=== Exercise aim ===
The result should hold only the lines from the one with "Uss Enterprise Png" through the final line of the data below, transcribed exactly, pictures left out.

=== Given material ===

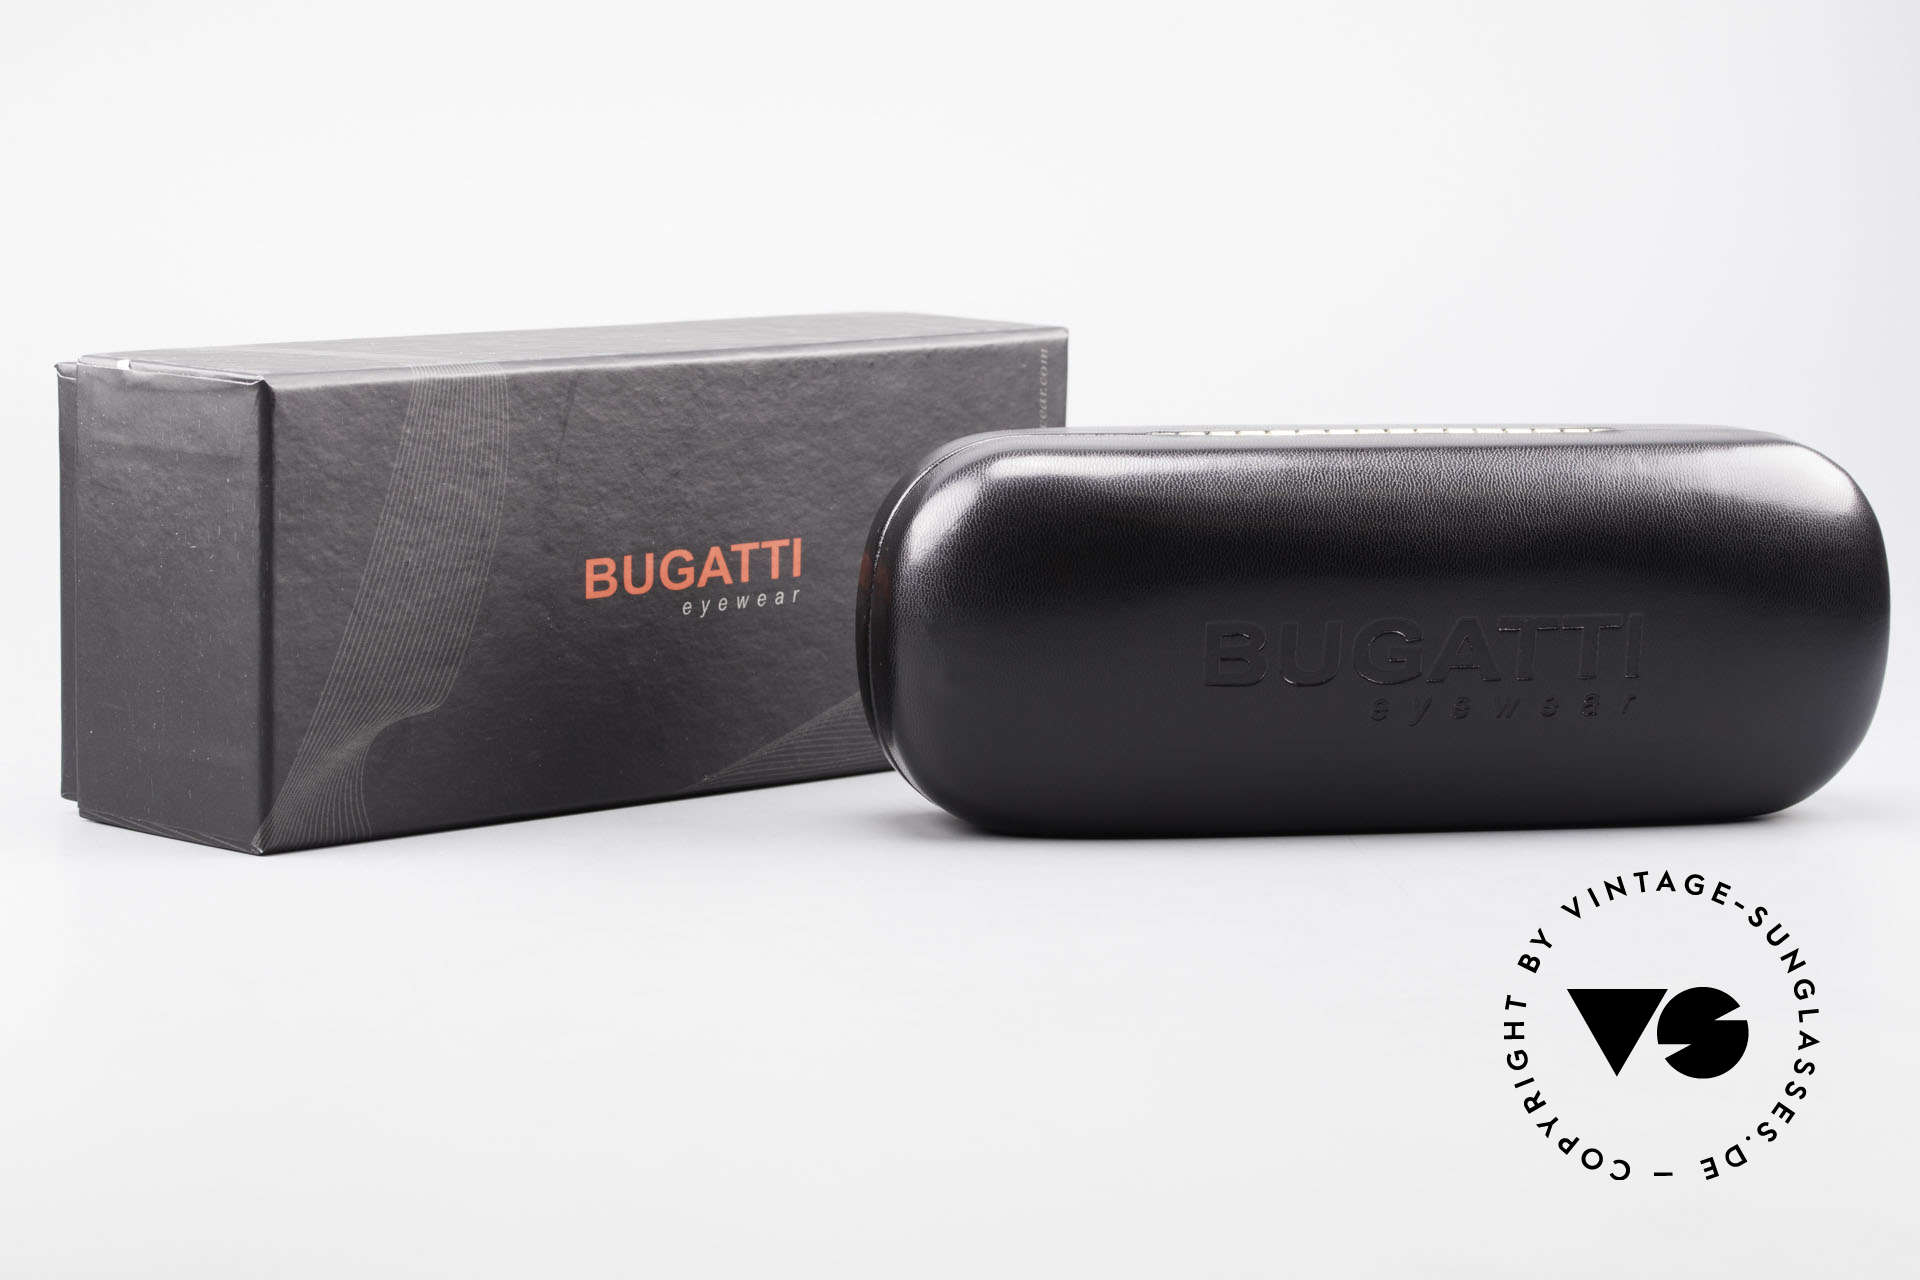 Bugatti 220 Men's Designer Luxury Glasses, Size: medium, Made for Men
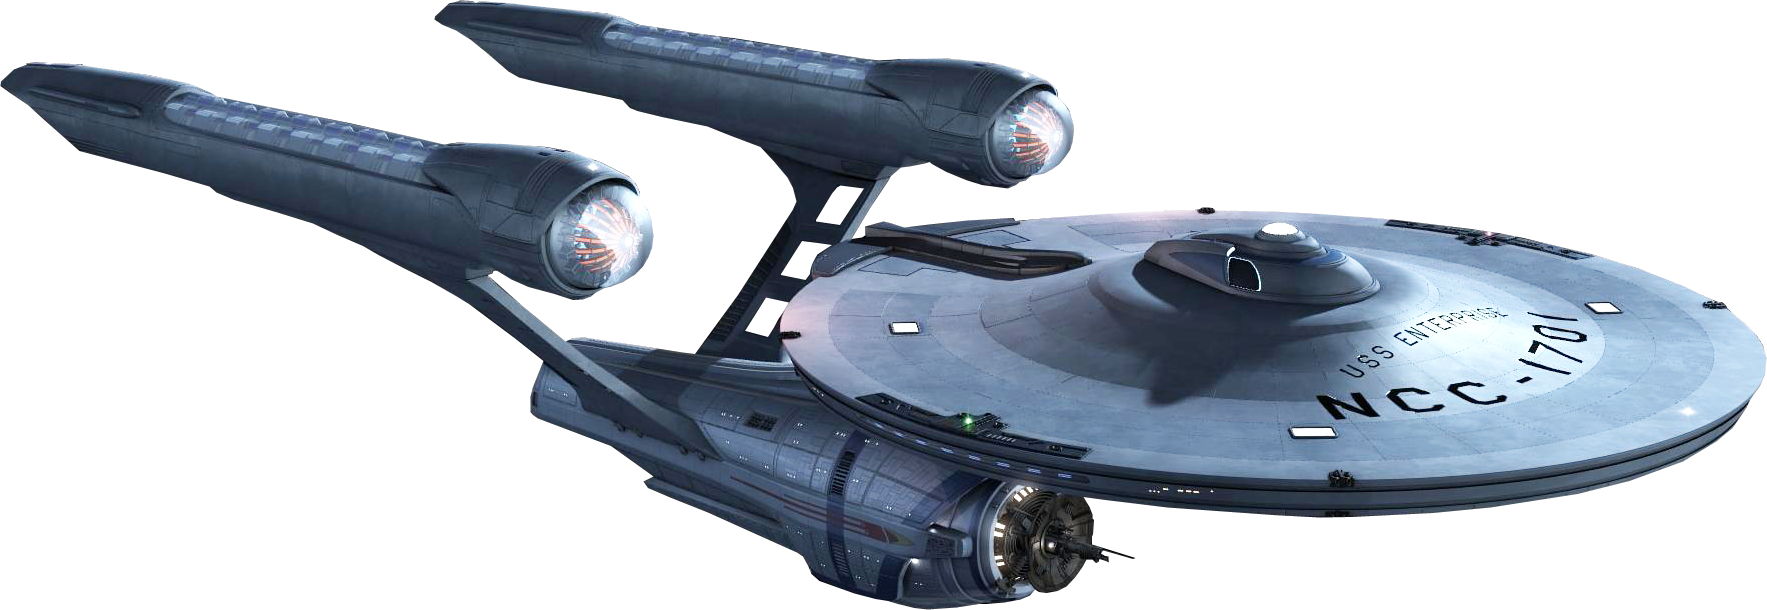 Uss Enterprise Png Pluspng Co Starship Enterprise Uss Enterprise Starship
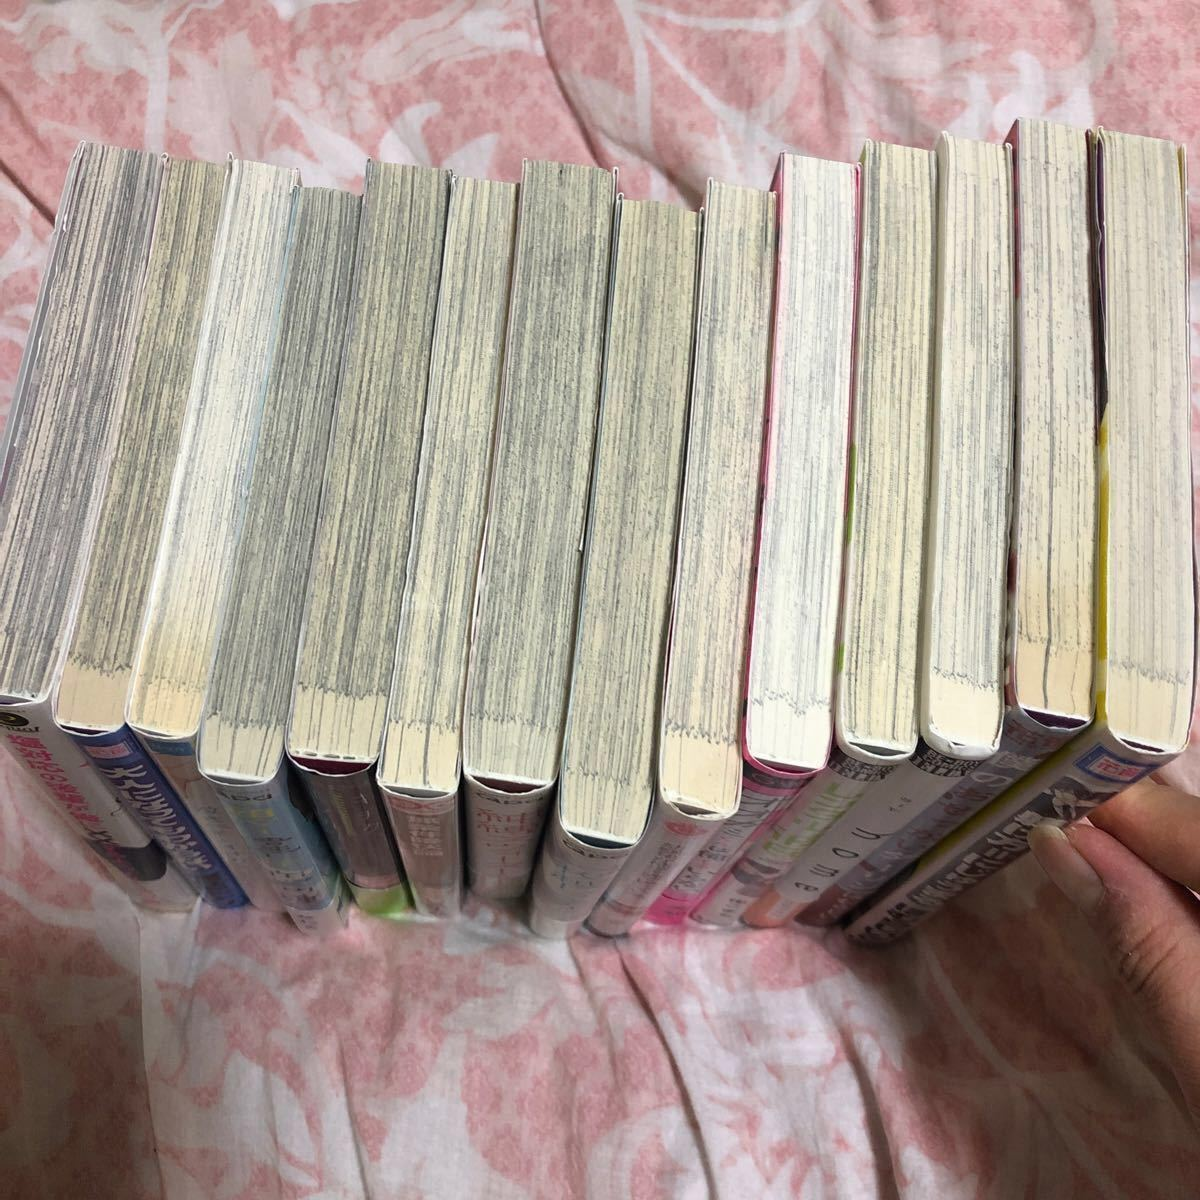 BLコミック12冊セットバラ売り2冊で500円

=== Exercise response ===
 Uss Enterprise Png Pluspng Co Starship Enterprise Uss Enterprise Starship
 BLコミック12冊セットバラ売り2冊で500円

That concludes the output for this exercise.